Appeal to Novelty Fallacy is from the Latin argumentum ad novitatem - claiming that some idea or product is better than previous ones just because it is new.

Appeal to Novelty

This fallacy is frequently used in marketing of new products, fashion, political advertising, and other areas. Some keywords used to describe and praise novelty are “the next new thing”, “pushing the envelope”, “new and improved”, “cutting-edge”.

For example, Pepsi’s marketing campaign in the 1990s had the slogan

Pepsi: the taste of a new generation!


We live in a better world than our ancestors did, and tomorrow will be even better.

Notice that there are no arguments why new is better apart from just being novel.

But there are some exceptions; for example, when a product goes through some decay process

fresh milk would be much better than that month-old one that is growing legs in your fridge right now.

Appeal to Tradition is the opposite of the Appeal to Novelty. It occurs when someone claims that a product, action, or belief is better or true because it has been proven by a long time and experience.
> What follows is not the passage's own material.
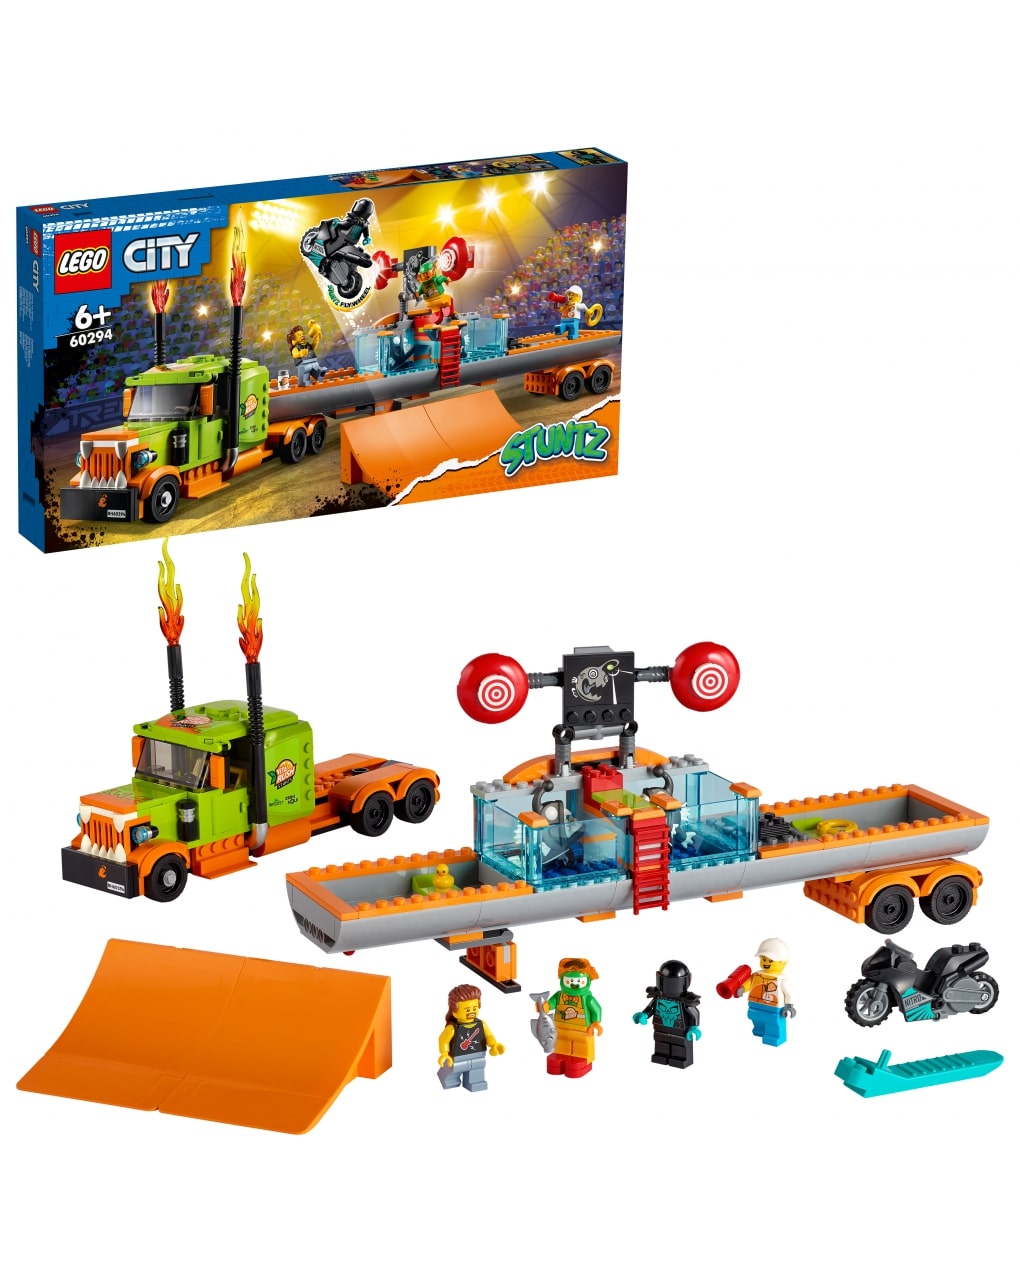 Lego city stuntz - truck dello stunt show - 60294 - LEGO

For example:

People have used mercury in medicine since ancient history; it must be so effective that we should keep using it.

The New one is better because it’s newer

Appeal to Novelty is a widespread fallacy because people usually assume that all changes are done to improve quality, efficiency, convenience, lower cost, and pursue other good intentions. It’s not always so. Sometimes changes are pushed to increase profits, gain more political power, and make career progress. Yes, in the meritocratic system, such motivations would lead to better quality products and services but in others…
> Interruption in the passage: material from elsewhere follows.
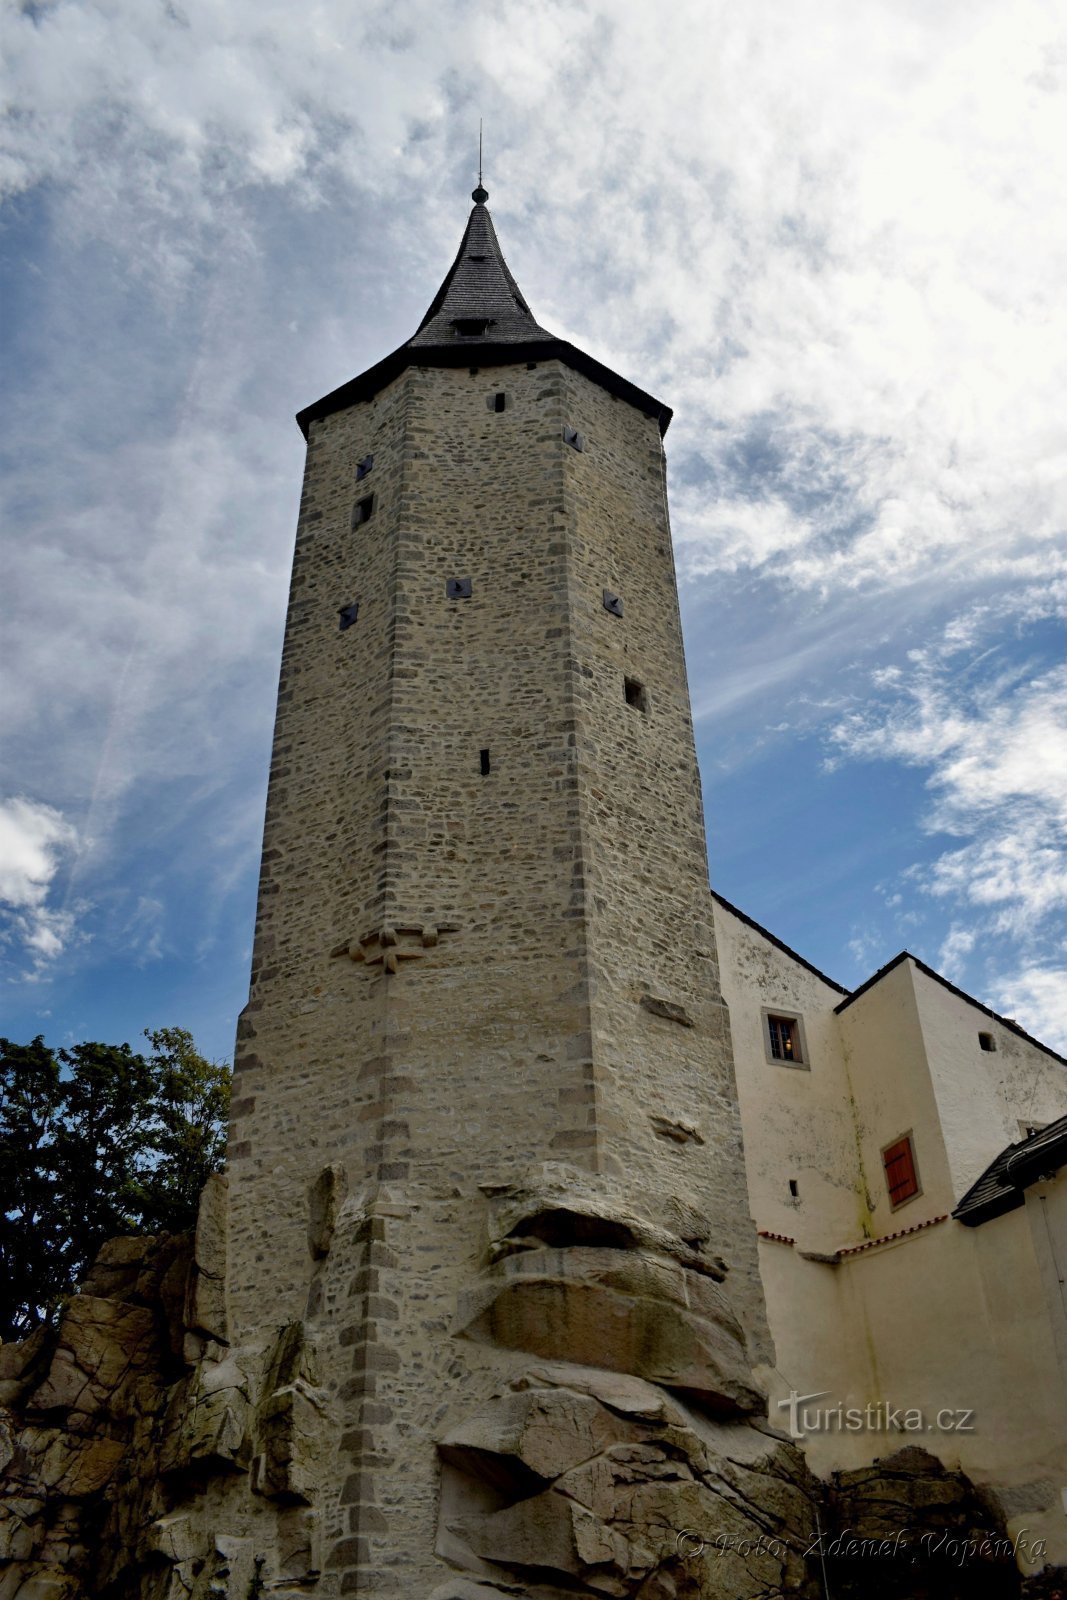 Torre del castillo de siete lados.

Another aspect is that this approach works very well with the younger generation because of an implied idea of Association and Wishful Thinking “It’s new and I’m new, It’s better, so must be I am too.”

The third point working well for the younger generation is the Package Deal Fallacy - “Older generation had their own ideas/products, new gen must have their own, newer and better.”

And another point of view is to keep in mind that “better-worse” attributes describing quality which is a multi-aspect category. For example, a diet could be efficient for weight loss but have side effects. Or think of vaccines. Or about different energy sources. Voicing improvement on one attribute and omitting drop in other characteristics is very common but at isn’t very transparent.

The old one is inferior because it’s older

The multi-billion industry of promoting new products plays some role in the stigmatization of old products and goes side-by-side stigmatization of eldery overall.

This could create a bias that

  • Everything is getting worse with the time
  • With releases of new products and ideas, old ones are becoming outdated and incorrect automatically.

Chronological Snobbery

Chronological snobbery is the form of the Appeal to Novelty fallacy, where one argues that the only relevant knowledge and practices are those established in the last decades.

How can anyone think that cathedrals are more beautiful than skyscrapers? Skyscrapers are made with modern technology, that’s all the evidence I need.

Other Examples of Appeal to Novelty Fallacy

We have experienced way too many difficulties under our current political system. Therefore, we need a new system!

Have you seen the new operating system that just came out? It must be so much faster and better than the old one.

Do You want to lose weight the right way? You have to try this new diet!

Remix of that old song is much better than the original. New ideas are awesome!

Keeping up with the latest trends is always an excellent idea.

She says her new boyfriend is the best compared to her exes.

If you want to make friends, you have to wear the latest fashion and the trendiest gadgets.